Aku membuang wajahku setelah mata kami bertubrukan, ia tampak jujur tapi waktu itu aku lupa bahwa ia seorang pembisnis dan pembisnis terlatih untuk dapat berkata jujur sekaligus berbohong dalam satu waktu bersamaan.
“Kamu juga tidak menjawab petanyaanku. Masihkah kamu mencintaiku?”
“Aku sudah mejawabnya tadi? Tidakkah itu cukup? Ya, masih. Cukup? Kalau sudah, aku tidak mau kamu membahas omong kosong lagi.”
Kalau aku ingat lagi sekarang, cara bicaranya padaku saat itu sudah bukan seperti cara bicara seorang suami yang mencintai istrinya tapi lebih seperti seorang atasan kepada bawahannya.
Aku mencoba untuk melupakan semua hal yang meresahakan hatiku, tapi semua hal yang meresahkan seperti ditarik oleh magnet gaib untuk terus menempel dan dekat-dekat denganku. Siang itu mobil Sasa mogok sedangkan anaknya harus segera dijemput, aku menawarkan tumpangan kepada mereka. Anak Sasa sungguh manis dan sopan, jika aku memiliki seorang anak aku ingin yang manis seperti dirinya. Tapi tampaknya itu hanya impian mahal yang tidak mungkin pernah bisa aku tebus. Aku sebetulnya juga tidak keberatan andai kata Attila menginginkan anak angkat, tapi tidak, dia juga tidak menginginkan anak yang bukan darah dagingnya sendiri, sampai kiamat sekalipun dia tidak akan pernah dapat menjangkau keinginannya yang itu.

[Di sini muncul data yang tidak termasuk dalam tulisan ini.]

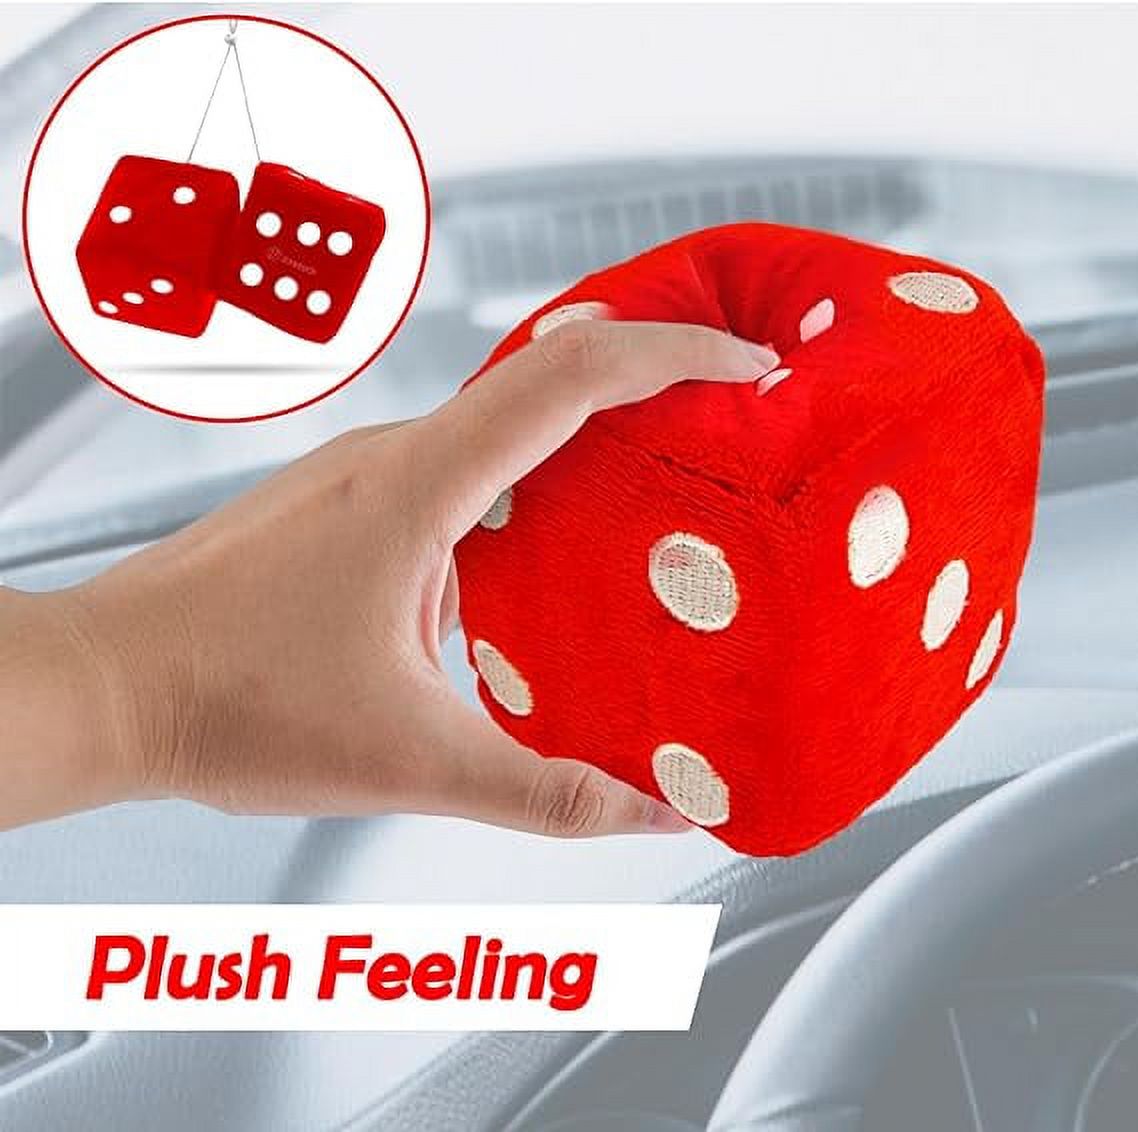 Zone Tech Car Decorative Hanging Mirror Fuzzy Dice Pair Accessories, Red 3” - image 5 of 13

Jarang-jarang mobil Attila terparkir di halaman rumah pada waktu siang hari dan di hari kerja malah, bukan suatu hal yang wajar. Pembantuku mengatakan, bapak pulang dari sebelum jam makan siang tadi dan langsung masuk ke kamar kerja dan belum keluar bahkan sampai sudah lewat jam empat. Aku mengetuk pintu kamar kerja dan tidak mendengar jawaban maka aku terpaksa membukanya dan ternyata tidak dikunci, Tila sedang telungkup di depan laptopnya. Aku mau menegurnya namun saat kulit kami bergesekan tubuhnya ternyata demam tinggi. Aku membangunkannya dan mengajaknya pergi ke dokter namun ia menolak dan ingin tidur saja. Aku merawatnya dengan telaten, mengganti kompresnya setiap beberapa menit sekali, menyuapinya dengan bubur encer, memberikannya obat dan memijat-mijat tangannya sampai ia tertidur.